This is the seventh year that we've participated in a local Community Supported Agriculture program, and it's easier than it used to be to make use of the food we get. I thought I might blog about it this year, on the chance that it might be useful to someone googling "what do I do with this kohlrabi?" (Answer: make kohlrabi slaw; peel, shred, and mix with shredded carrots, mayo, squeeze of lemon, drizzle of maple syrup.)
Week 1: sunchokes, sweet potato, beets and beet greens, rhubarb, sorrel, green garlic, green onions,
One of the keys to using things up is batch processing. Last week I roasted the overwintered sunchokes at the same time as the overwintered sweet potato and the new season's beets. I also slid the chopped rhubarb into a corner of the oven with a little water and bunch of sugar; there they cooked down into soft stalks basted with cerise syrup.
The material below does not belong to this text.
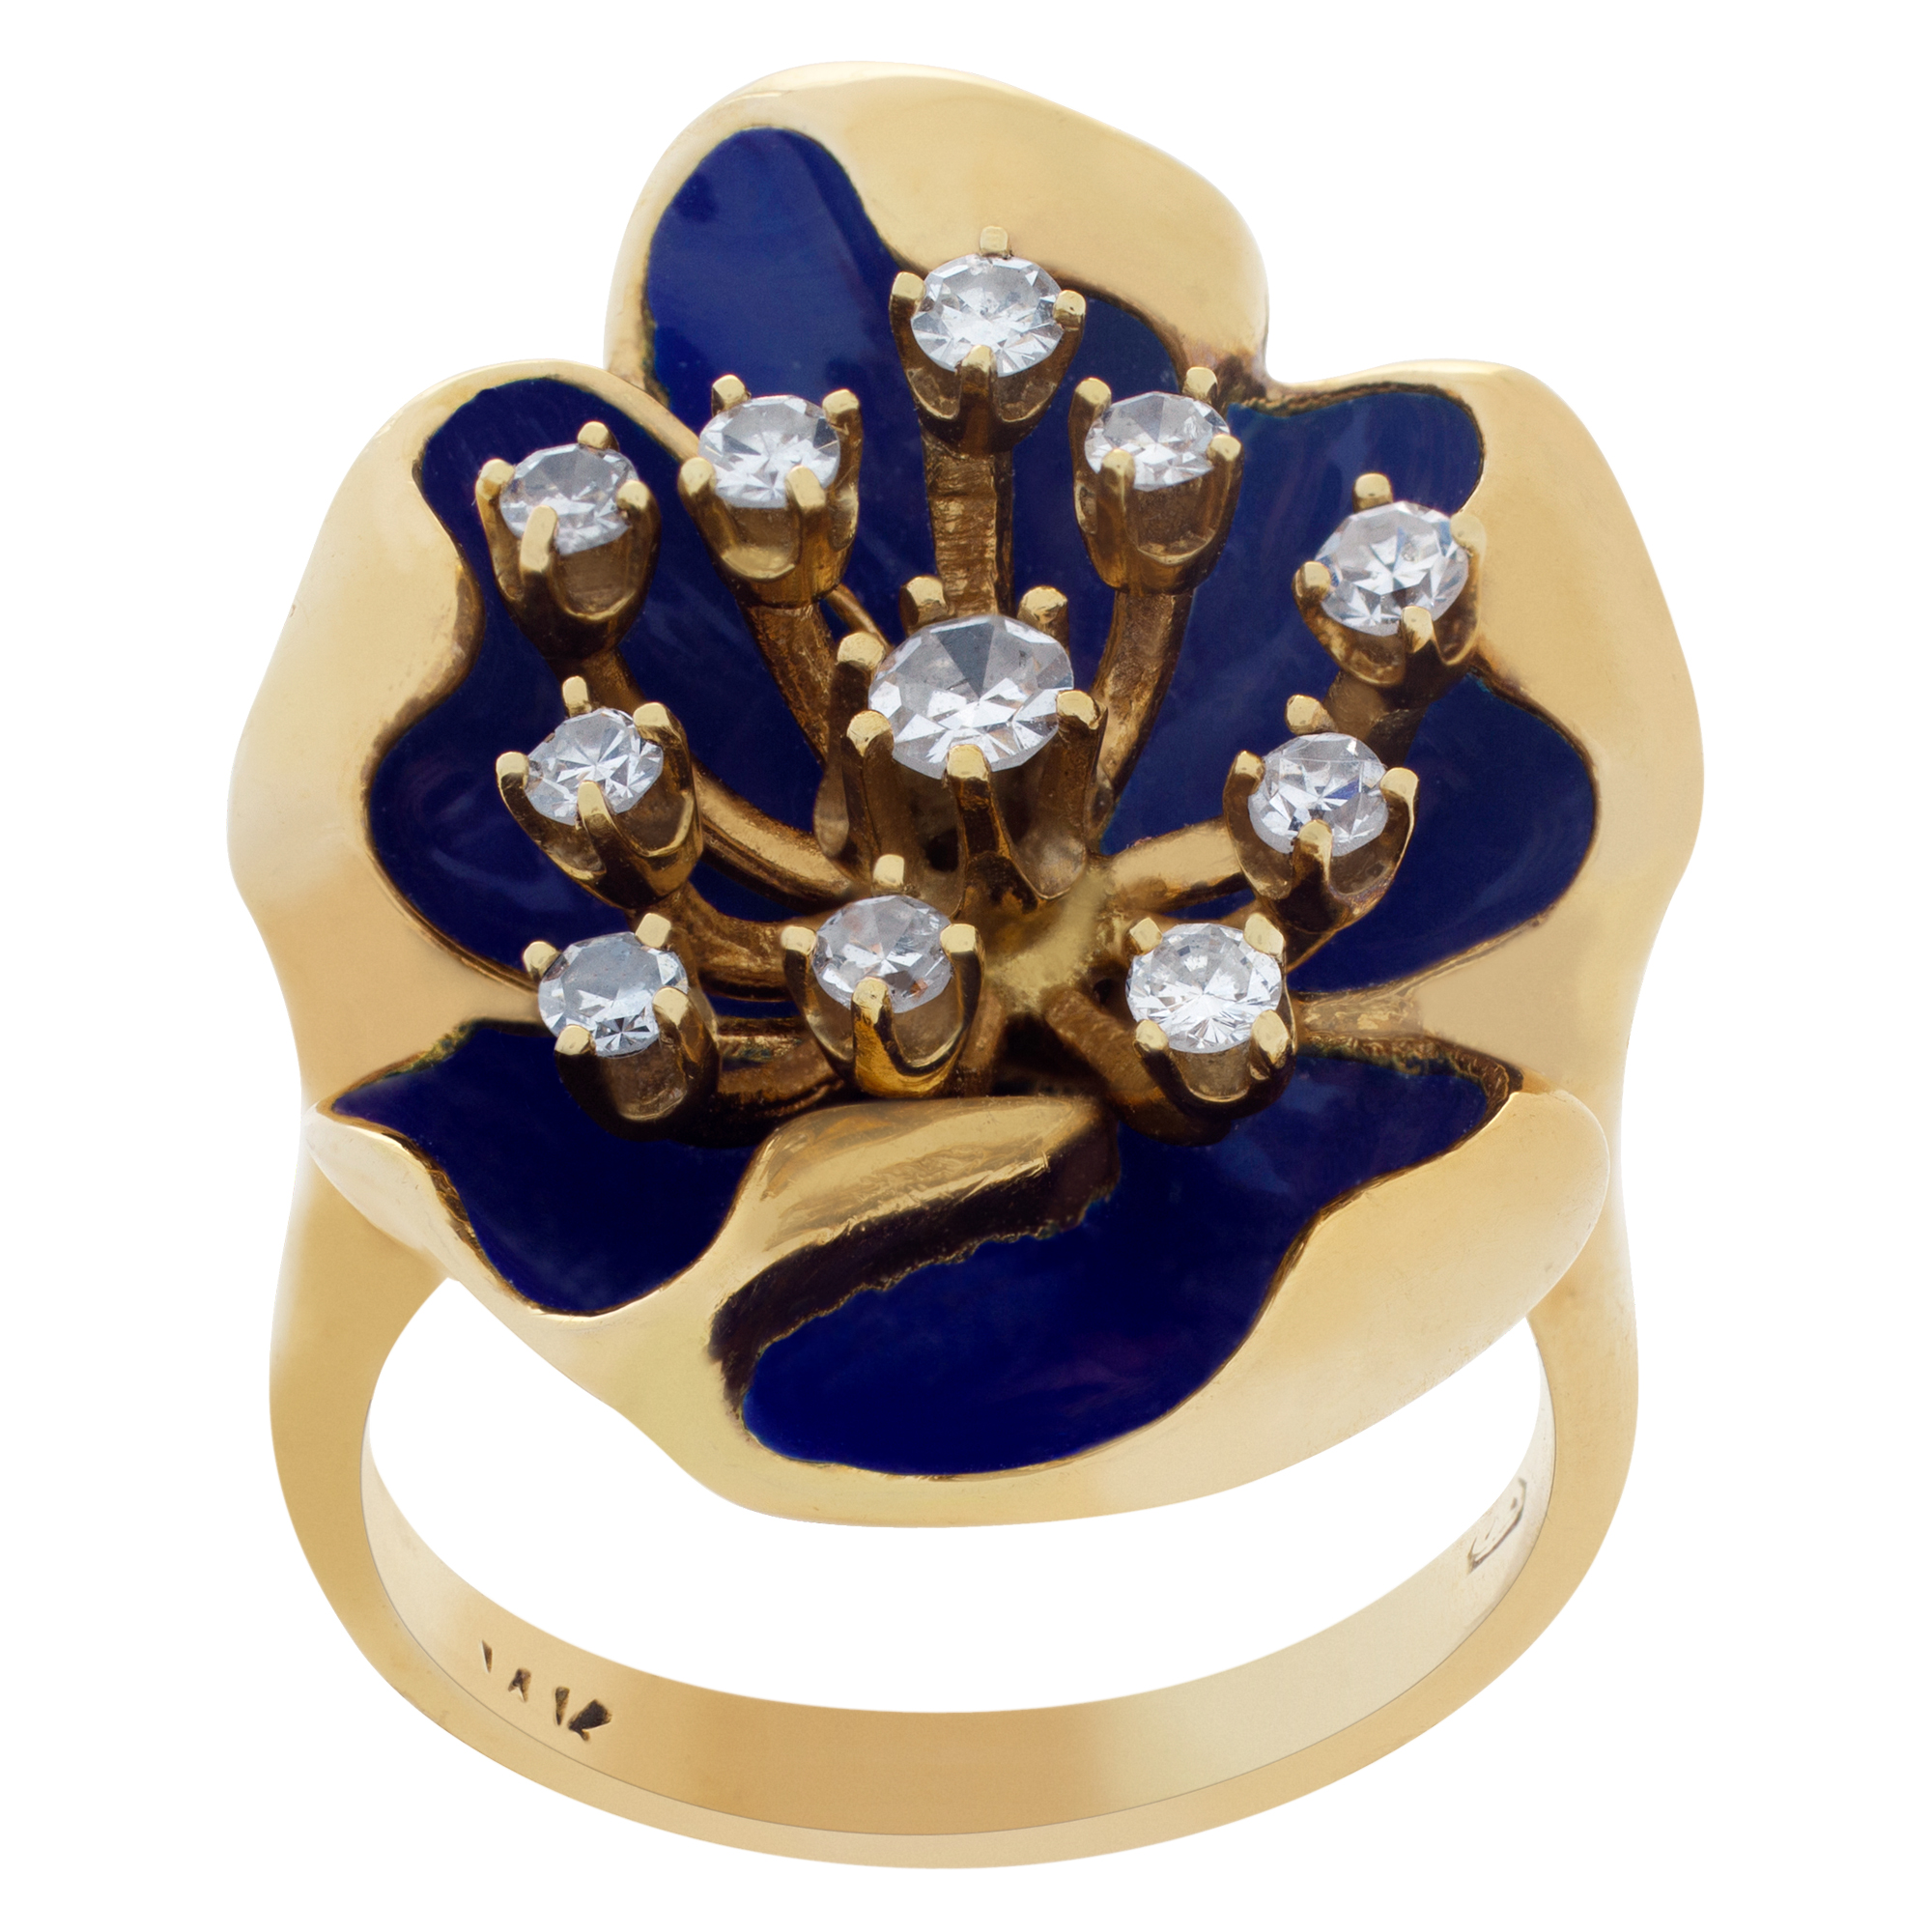 Flower Shape Enamel And Diamond Ring In 14k yellow gold. Size 5.75 image 1

I didn't plan to use the beets or the rhubarb that night, but they were one step closer to being edible.
Rachel-who-needs-a-blog told me a few years ago to try cooking sorrel in cream and using the resulting sauce on fish. It is a dreadful drab color but just close your eyes: it tastes amazing. I also put some of the sorrel into scrambled eggs, where it was tart enough to be pretty penitential.
Over the weekend I took my rhubarb syrup and turned it into a gelatin dessert with a little coconut milk. It was not a hit. The kids don't really like the taste of rhubarb. I like the way it tastes, but you need so much sugar to make it edible that I prefer not to eat it. When I first unmolded the jelly it lay on its plate like a pale pink flower. The kids ate about two-thirds of it, after which it warmed up into a flabby mess the color and consistency of an uncooked chicken breast, left out on the dining room table for any peckish children. I pitched the last third of it.
Some of the green garlic went into scrambled eggs along with the beet greens, but I finished up the week with green garlic and green onions left over.
Week 2: more green garlic and green onions, basil, arugula, mesclun, carrots with tops, sugar snaps, and a big bunch of funky unfamiliar greens
The sugar snaps vanished over dinner, as they always do, straight out of the bag of CSA goodies.
I am going to use the green onions and most of the green garlic in this recipe from the NYT. I probably don't want the baby garlic bulbs in there, since overbrowned garlic gets unpleasantly acrid, and I am going to save out the scapes for my scrambled eggs. But I figure it should work to add in the greens. I'll report back.
The mesclun and some of the arugula will turn into lunch salads, which I will enjoy more if I make myself a batch of carrot-miso dressing. And hey, I have just the carrots for that. Our farmer encouraged us to use our carrot tops in pesto, but probably we will feed ours to the guinea pigs instead. The big bunch of funky unfamiliar greens will go into green potato soup, where they will be joined by the remaining arugula. That leaves only the basil. Caprese salad tomorrow, I suppose, to accompany the...whatever I decide to serve under the garlic-onion sauce, and pesto on Thursday with the remainder.
Top tips for CSA newbies overwhelmed by greens: cook 'em down (spinach soup for one meal rather than spinach salads for six meals), blend 'em up. That bunch of herbs is less likely to turn black and squishy in the fridge if you turn it into pesto than if you dole it out a few leaves at a time.